● WHAT IS EXPECTED:
Every line below must come back exactly as it stands, with the images omitted.

● EXERCISE DATA:
# # # #

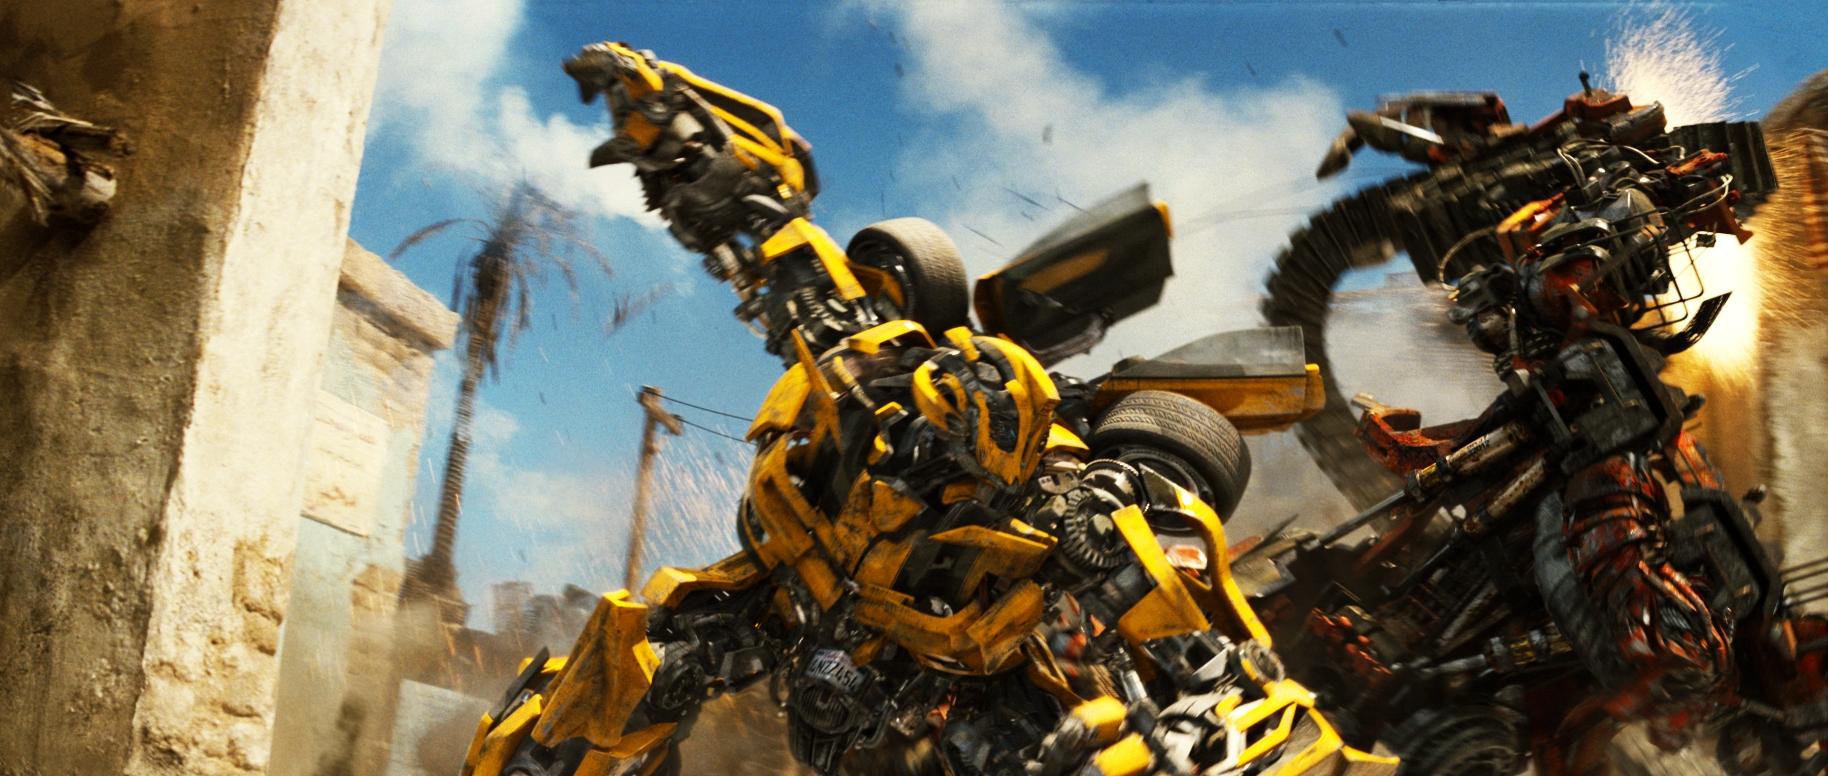 Transformers 3 - Transformers 2: Revenge of the Fallen
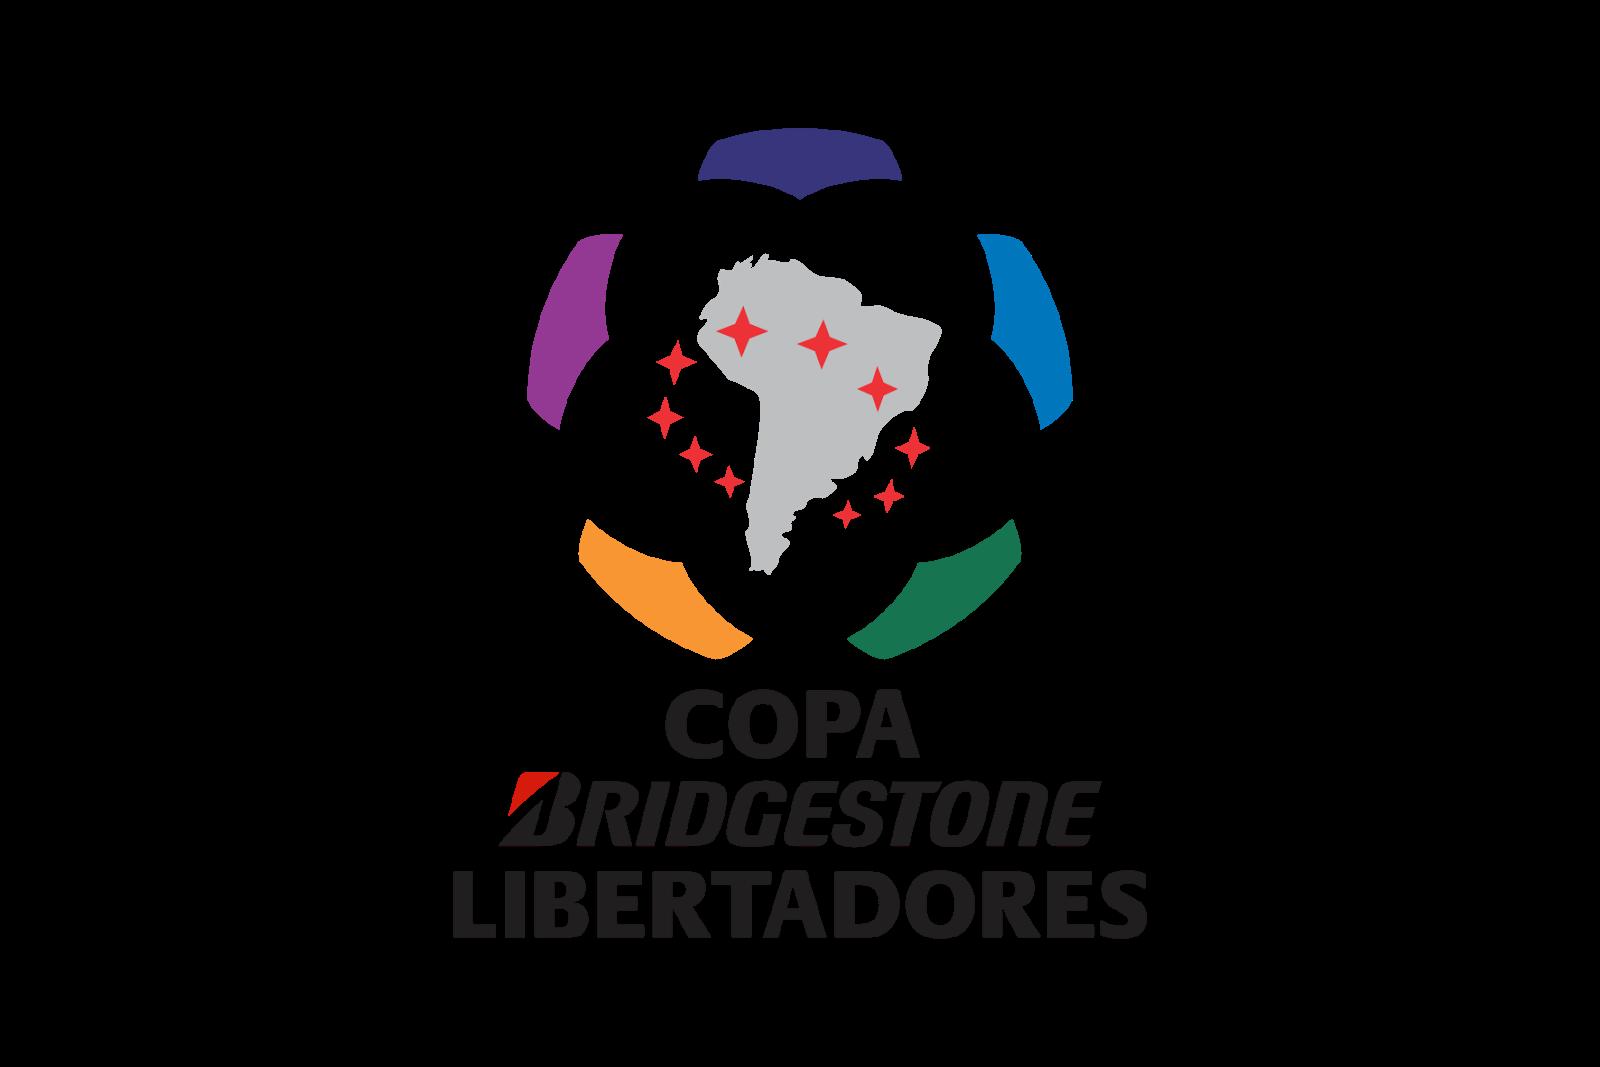 Copa Bridgestone Libertadores Vector Logo. » - Copa America Logo Vector PNG
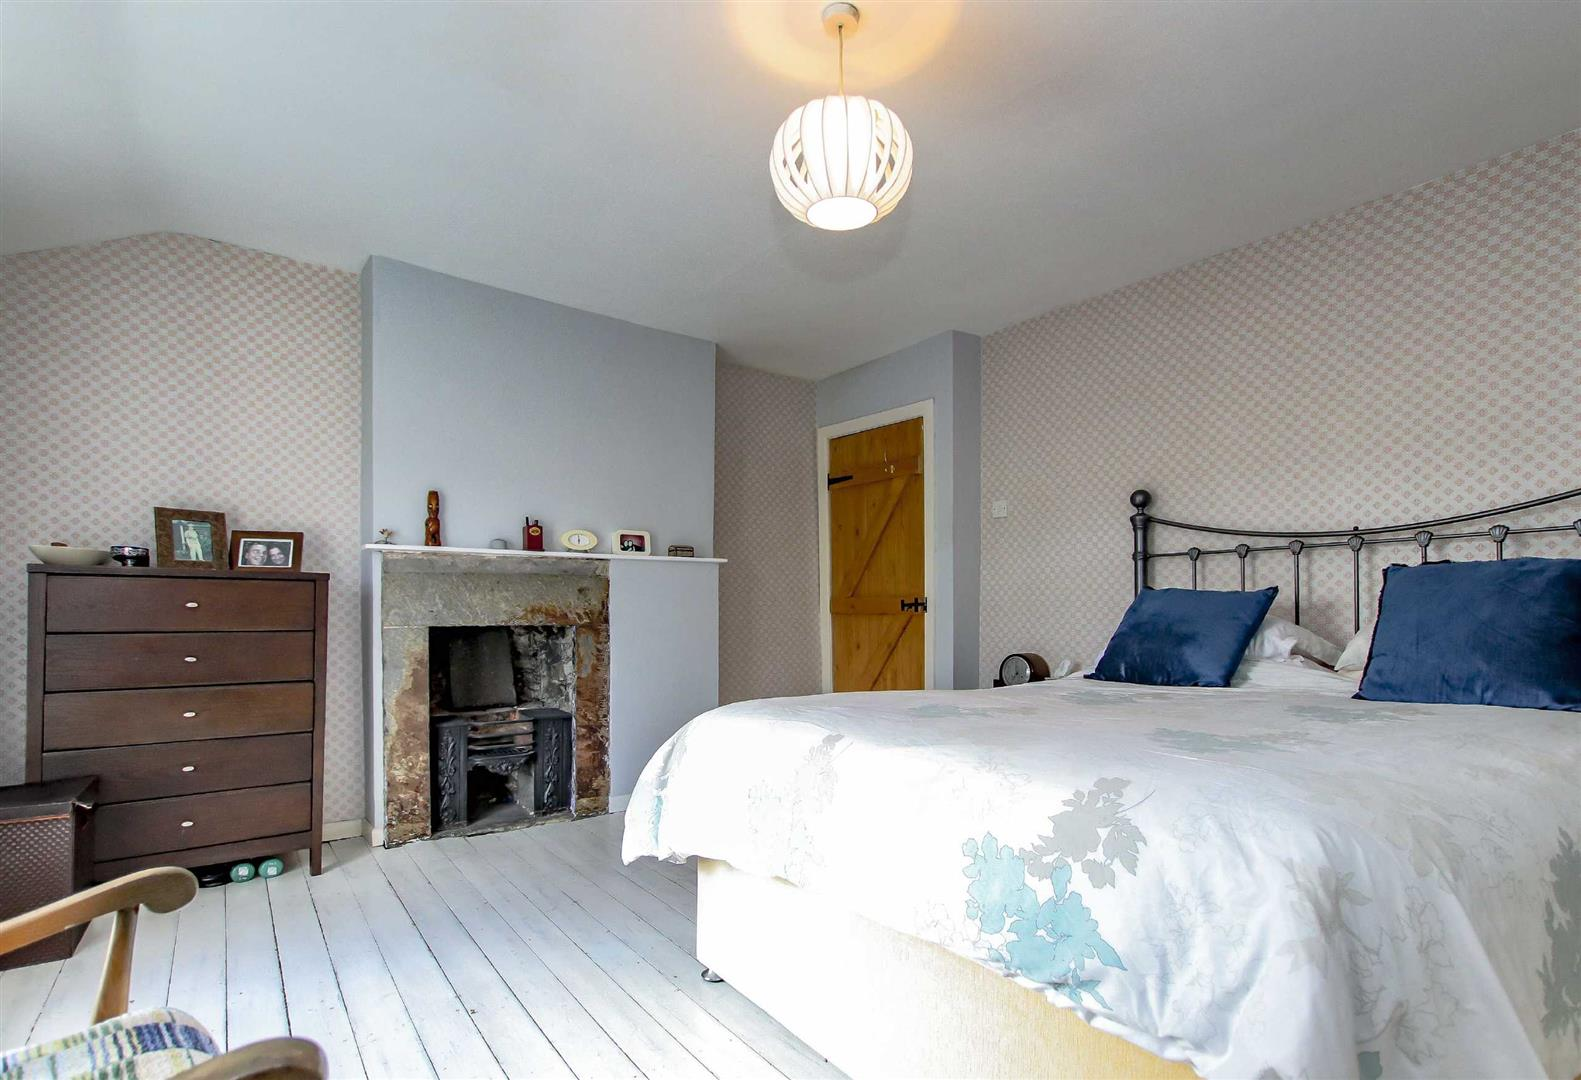 4 Bedroom Detached House For Sale - p033686_14.jpg

# # # #

● WRITTEN SOLUTION:
 Transformers 3 - Transformers 2: Revenge of the Fallen
 Copa Bridgestone Libertadores Vector Logo. » - Copa America Logo Vector PNG
 4 Bedroom Detached House For Sale - p033686_14.jpg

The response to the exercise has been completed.